We are developing algorithms for continuous learning of models for anomaly detection in the presence of large scale, streaming data using modifications of existing, diverse ideas from ensemble methods such as Random Forests, Isolation Forests and others.
People: Maria Samad
Data Reduction - Despite the reducing costs of data storage, given the increasing amounts of data being generated it is inevitable that often only subsets of available data can be used for offline learning or deployed AI/ML systems. This is obviously true in mobile devices, remote autonomous systems such as space probes but also many other domains. Our lab is developing a number of algorithms looking at the fundamental issues of data reduction in terms of dimensionality and numerosity. While many classic algorithms have addressed this, the dawn of Deep Learning do not solve all of the problems of expanding data automatically, so further theoretical and applied advances of faster methods will be highly impactful.
People: Benyamin Ghojogh
Machine Learning on Encrypted Communications - This project focussed on Network Communication Security Breach Detection.
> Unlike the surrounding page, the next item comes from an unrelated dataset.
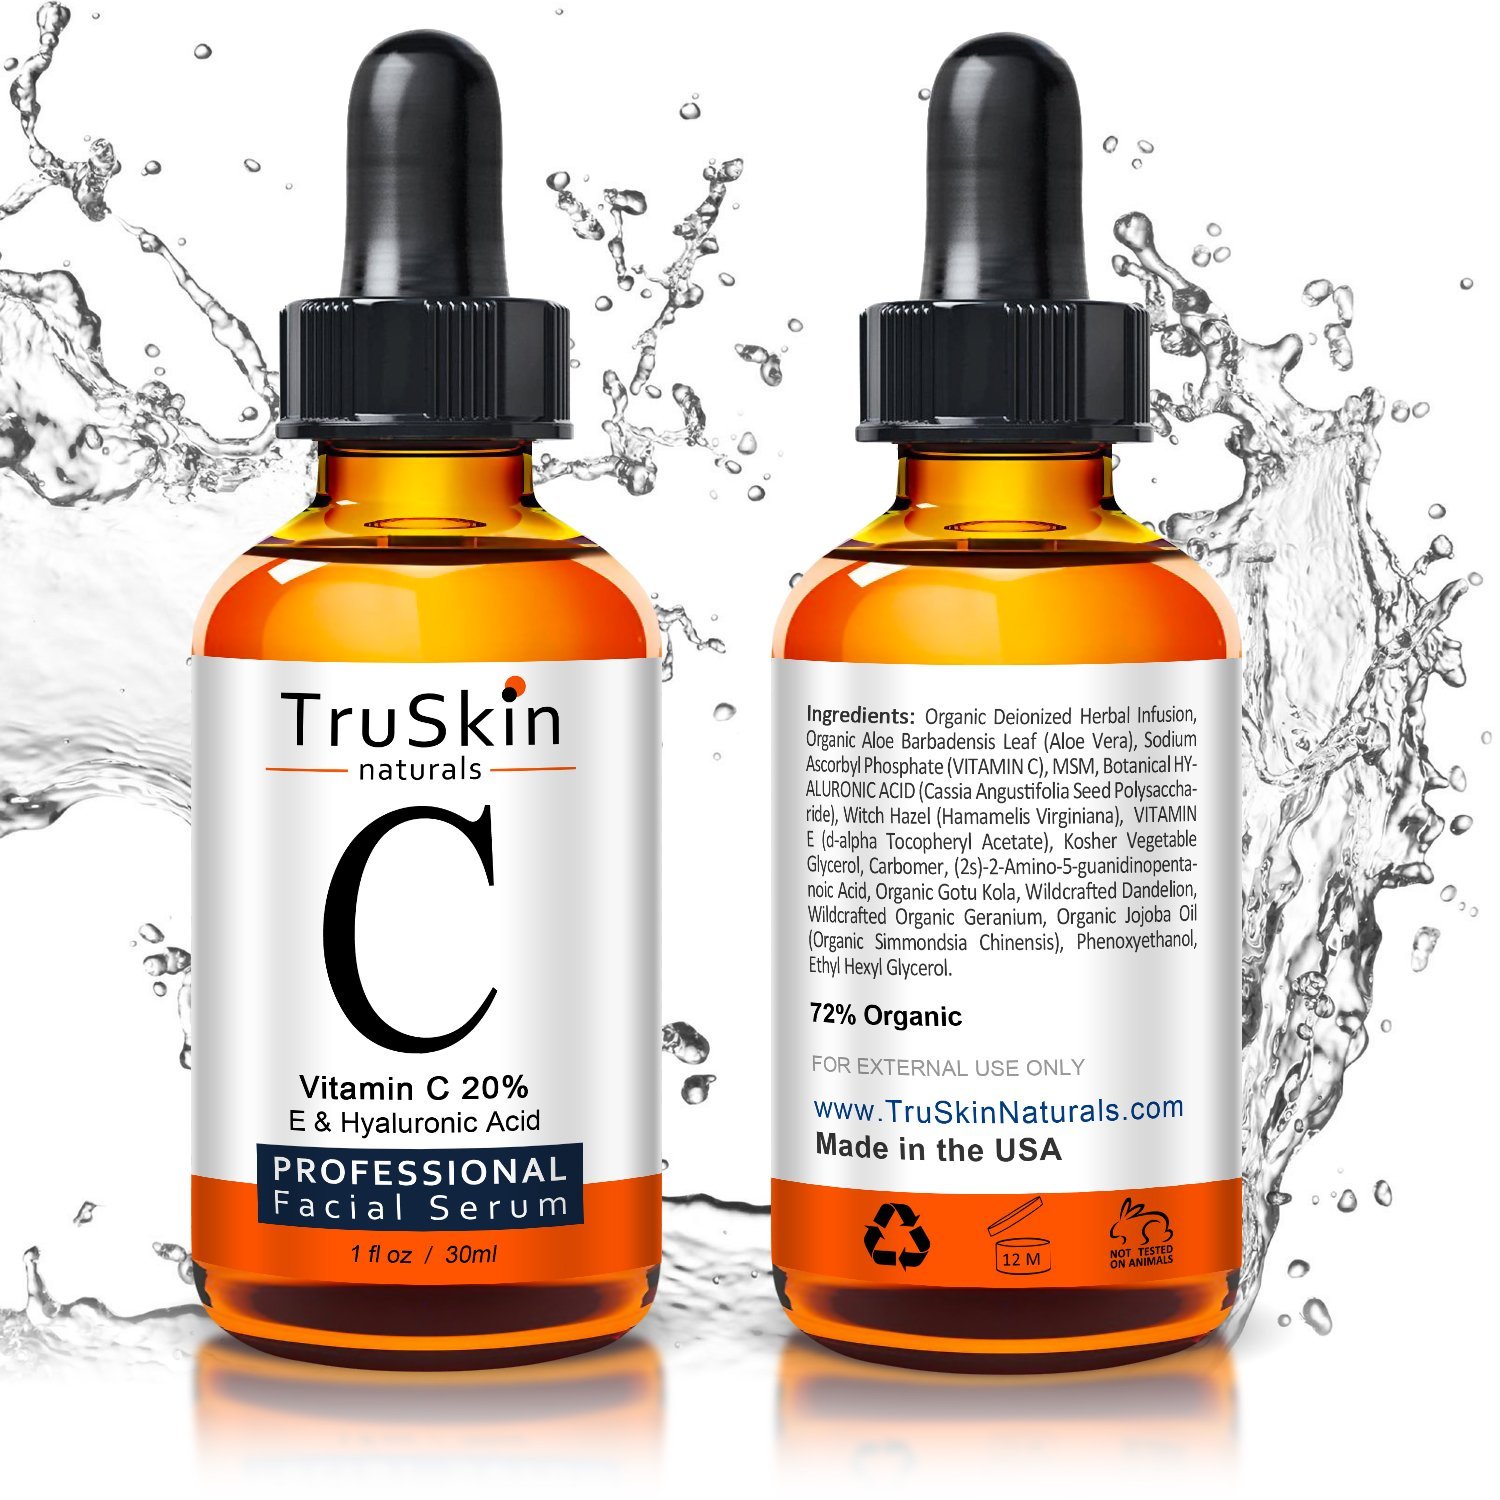 Truskin Naturals Serum For Face With Hyaluronic Acid 20 C E

The goal was analyzing network meta-data to classify anomalous patterns of usage which may indicate security breaches in a communication network.
Prof. Crowley and PhD student Jennifer Fernick presented the results of this project at RSA 2017 in San Francisco.
Some of the related concepts of interest to the lab's research.
Spatially Spreading Processes
Learning, modelling, predicting spatially spreading processes in multiple diverse domains such as Forest Wildfire management, Invasive Species management and Brain Imaging.
The field of Computational Sustainability is at the intersection between computational sciences (such as artificial intelligence, computational modelling, optimization and planning research) with applied research in environmental/ecological domains (such as land use management, invasive species spread, sustainable ecology management, smart grids and species tracking)
In any system with rich states which can change and interact over time there is the possibility that small change in dynamics, initial state or action policy could lead to large changes in the type or value of the outcome. This property is the essence of a complex system and there is a wide variety of research ongoing in different fields in such as social science, engineering, ecology, physics, economics and computer science to understand complex systems and develop ways to bring some order to chaos. Some members of our lab are affiliated with the Waterloo Institute for Complexity and Innovation (WICI) which helps to bring researchers together on these topics.